RHEL 9 moves the resource management settings from the process level to the application level by binding the system of cgroup hierarchies with the systemd unit tree. Therefore, you can manage the system resources with the systemctl command, or by modifying the systemd unit files.

To achieve this, systemd takes various configuration options from the unit files or directly via the systemctl command. Then systemd applies those options to specific process groups by utilizing the Linux kernel system calls and features like cgroups and namespaces.

Note

You can review the full set of configuration options for systemd in the following manual pages:

  • systemd.resource-control(5)
  • systemd.exec(5)

20.1. Allocating system resources using systemd

To modify the distribution of system resources, you can apply one or more of the following distribution models:

Weights

You can distribute the resource by adding up the weights of all sub-groups and giving each sub-group the fraction matching its ratio against the sum.

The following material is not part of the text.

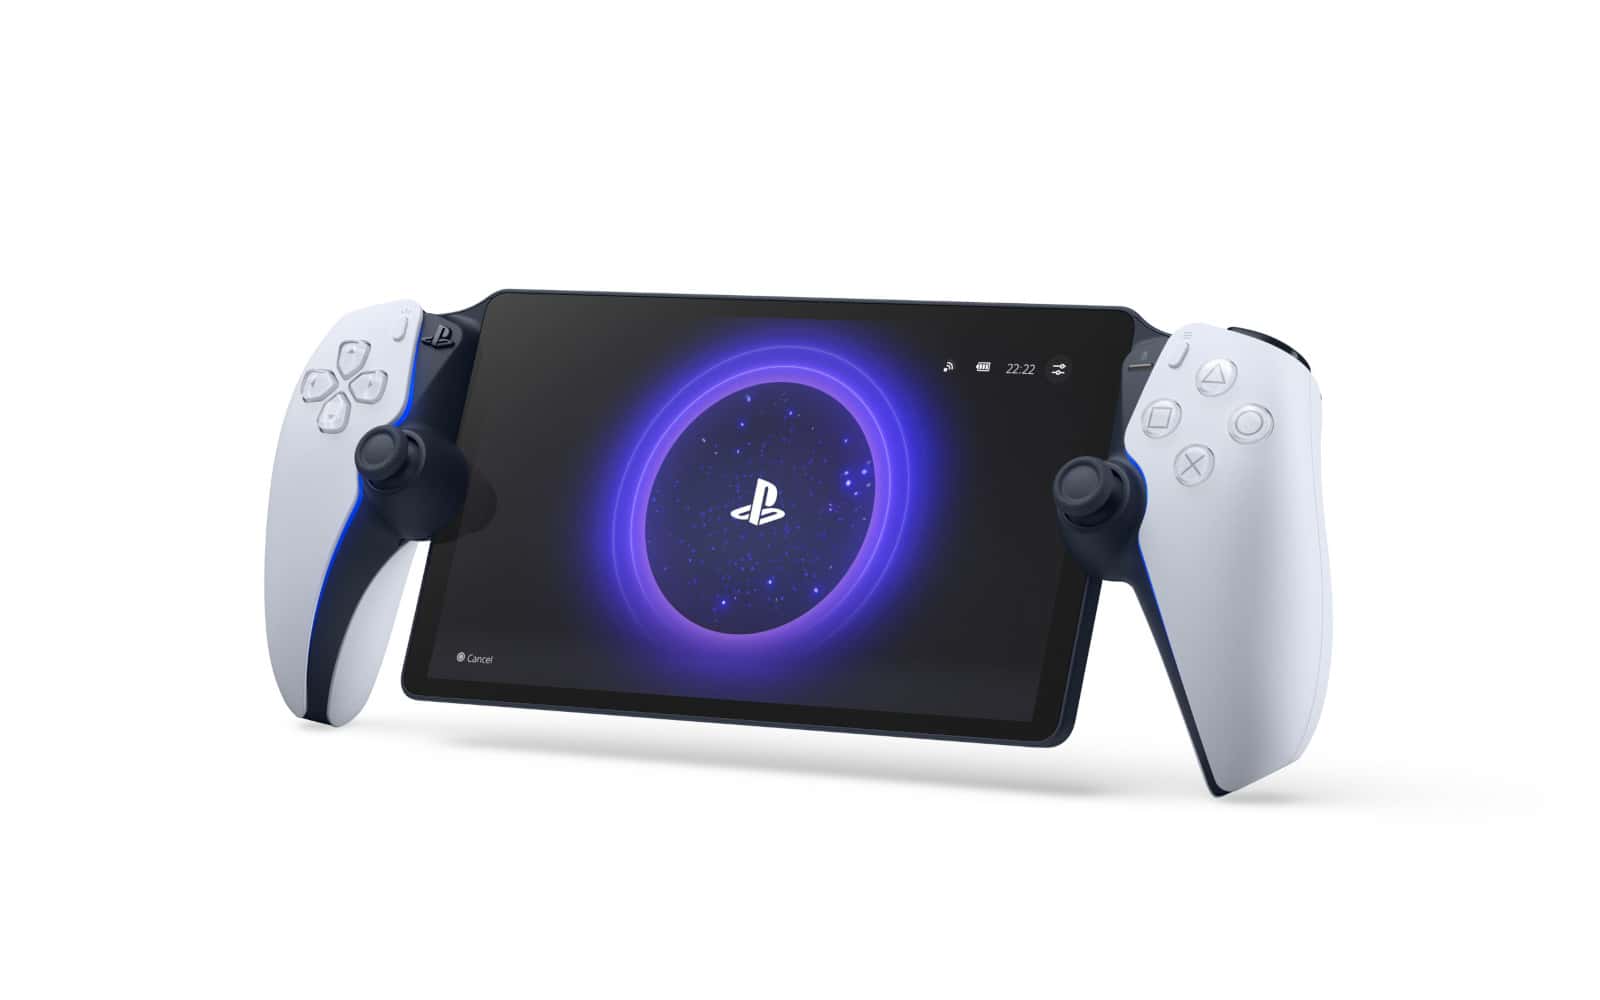 A PlayStation handheld that plays PS4 games could become a reality

For example, if you have 10 cgroups, each with weight of value 100, the sum is 1000. Each cgroup receives one tenth of the resource.

Weight is usually used to distribute stateless resources. For example the CPUWeight= option is an implementation of this resource distribution model.

Limits

A cgroup can consume up to the configured amount of the resource. The sum of sub-group limits can exceed the limit of the parent cgroup. Therefore it is possible to overcommit resources in this model.

For example the MemoryMax= option is an implementation of this resource distribution model.

Protections

You can set up a protected amount of a resource for a cgroup. If the resource usage is below the protection boundary, the kernel will try not to penalize this cgroup in favor of other cgroups that compete for the same resource. An overcommit is also possible.

For example the MemoryLow= option is an implementation of this resource distribution model.

Allocations
Exclusive allocations of an absolute amount of a finite resource. An overcommit is not possible. An example of this resource type in Linux is the real-time budget.
unit file option

A setting for resource control configuration.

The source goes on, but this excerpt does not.